2018 European Tour
- Promotional poster
- Associated album: Electric Café
- Start date: April 2, 2018
- End date: April 16, 2018
- Legs: 1
- No. of shows: 12 in Europe

En Vogue concert chronology
- For the Love of Music Tour (2017); 2018 European Tour (2017); Mixtape Tour (2022);

= 2018 European Tour (En Vogue) =

2018 concert tour by En Vogue

The 2018 European Tour was the seventh concert tour by American group En Vogue. Launched in support of their seventh studio album, Electric Café (2018), it began on April 2, 2018 in Dublin, Ireland and concluded on April 16, 2018 in Esch-sur-Alzette, Luxembourg.

==Background==
In 2014, Bennett, Ellis, and Herron began work on Electric Café, their first original album in more than a decade. In 2016, Herron and Ellis established En Vogue Records and signed a deal with eOne Music to distribute the album. As part of the album's early promotion, the group embarked on the For the Love of Music Tour, which took them across Europe in April 2017 with 13 shows. The concert tour earned largely favorable reviews from critics, who praised the group's powerful vocals, the intricate instrumentation of their songs, and the thoughtfully curated set list.
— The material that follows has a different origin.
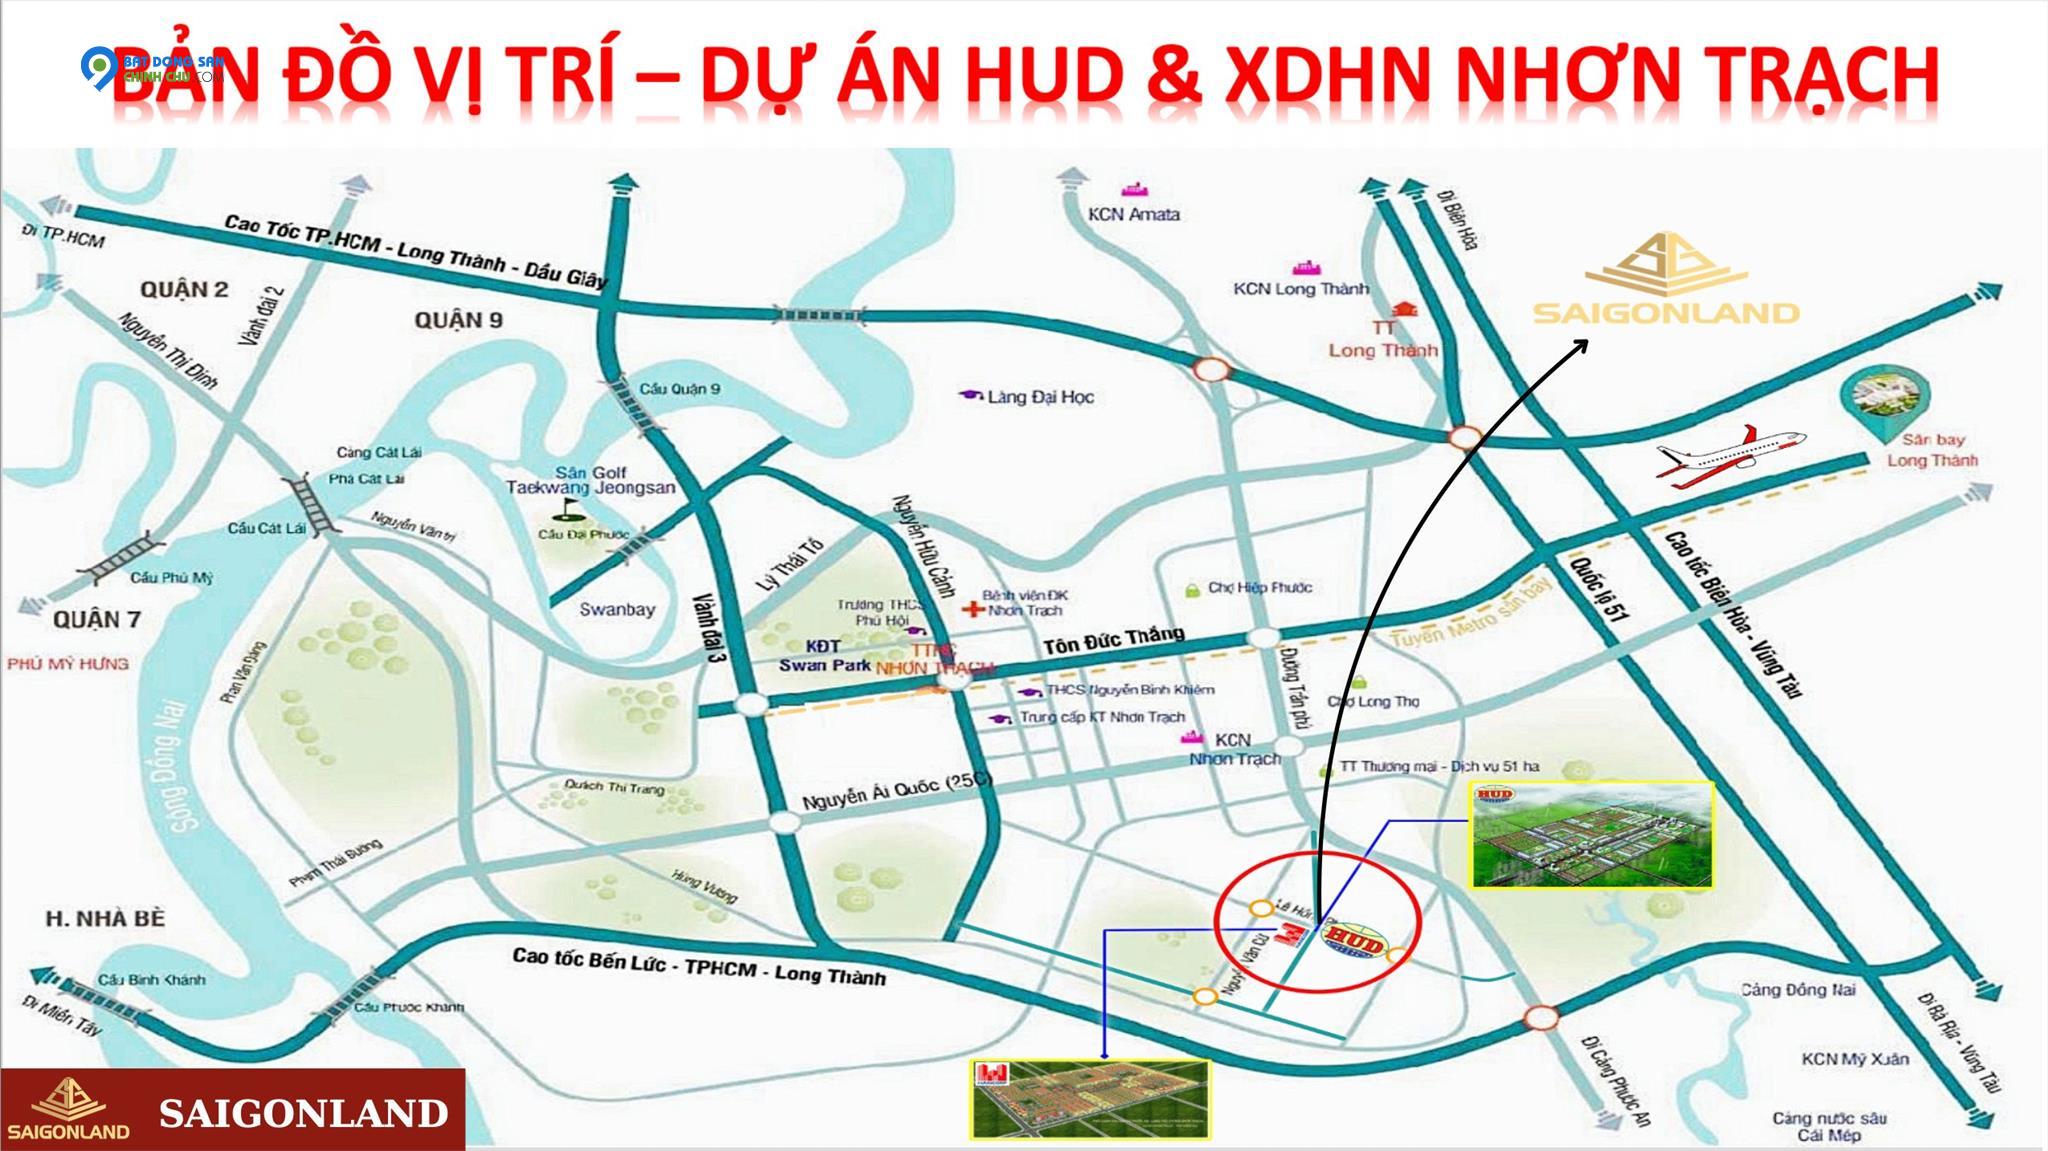 Saigonland Nhơn Trạch - Bán nền nhà vườn dự án Hud Nhơn Trạch Đồng Nai
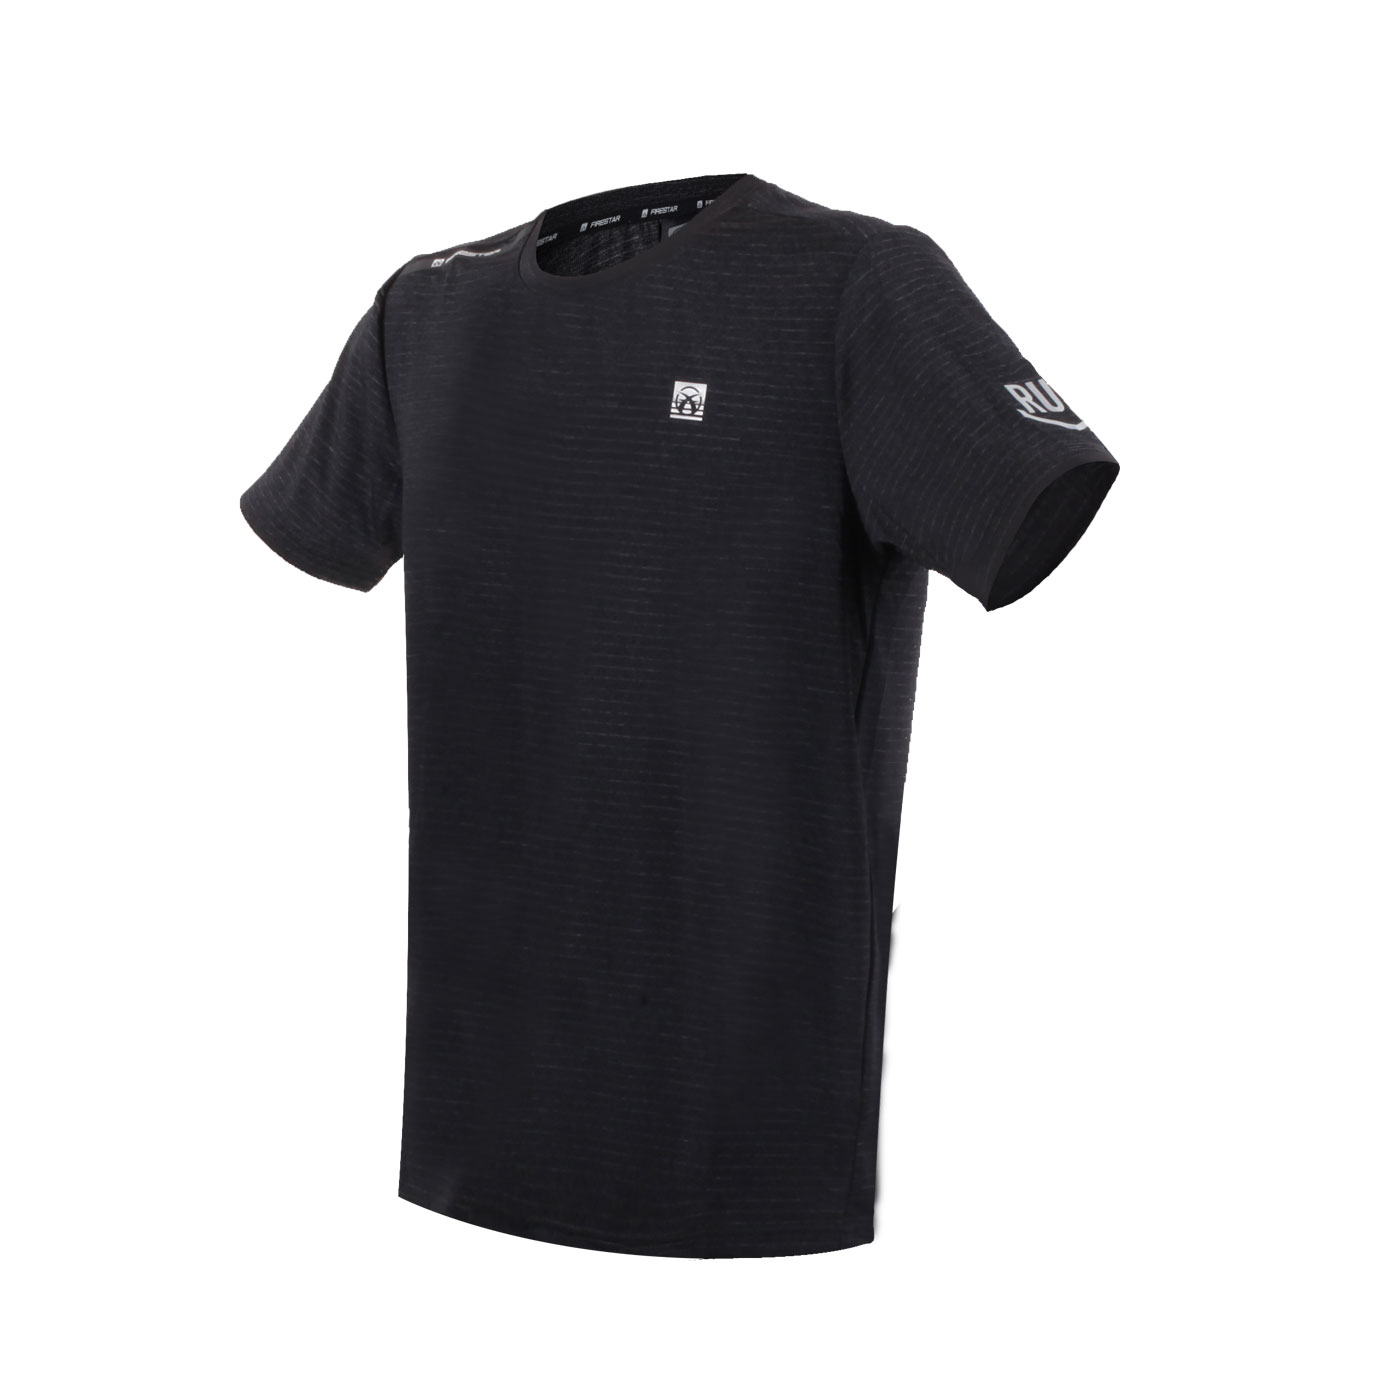 FIRESTAR 男款彈性圓領短袖T恤  D3230-18 - 深麻灰條紋

Encouraged by the positive response to their 2017 tour, En Vogue announced on January 15, 2018, that they would kick off a 2018 European Tour on April 2, 2017 in Dublin, Ireland, with tickets going on sale on January 19, 2018.

==Reception==
Kelly Jobanputra, writing for independent online newspaper Bristol24/7, captured the show on April 5, 2017 as a "totally fun packed evening that reminded us all that great music and performers truly stand the test of time." She further wrote: "All Hats off to these ladies for giving as much gusto during the whole gig as they did back in their heyday, it's unbelievable really that two out of the three current members are now in their 50s. They've got it, they know they’ve got it and we all know they’ve got it."
Caroline Sullivan from The Guardian described the April 6, 2017 show in Birmingham as a "stripped-back masterclass." She noted that "Herron and bandmates Terry Ellis and Rhona Bennett perform on a bare stage, accompanied only by a backing track, which initially seems an unfittingly low-budget way to go about things, but turns out to be a smart move. Without the distraction of dancers and costume changes [...] these three are exceptional harmonists. As the voices entwine and fall away, it’s like listening to a waterfall." The Times commented on the group's opening show on April 2, 2018: "The group exhale brilliant harmonies throughout the set, with brief but delicious throwbacks to the era of The Supremes, The Ronettes and Martha and the Vandellas. Although the dance moves and styling perhaps have not stood the test of time, there's no escaping the impressive vocal range and unity of the group."

==Set list==
This set list is representative of the April 13, 2017 show in Frankfurt am Main.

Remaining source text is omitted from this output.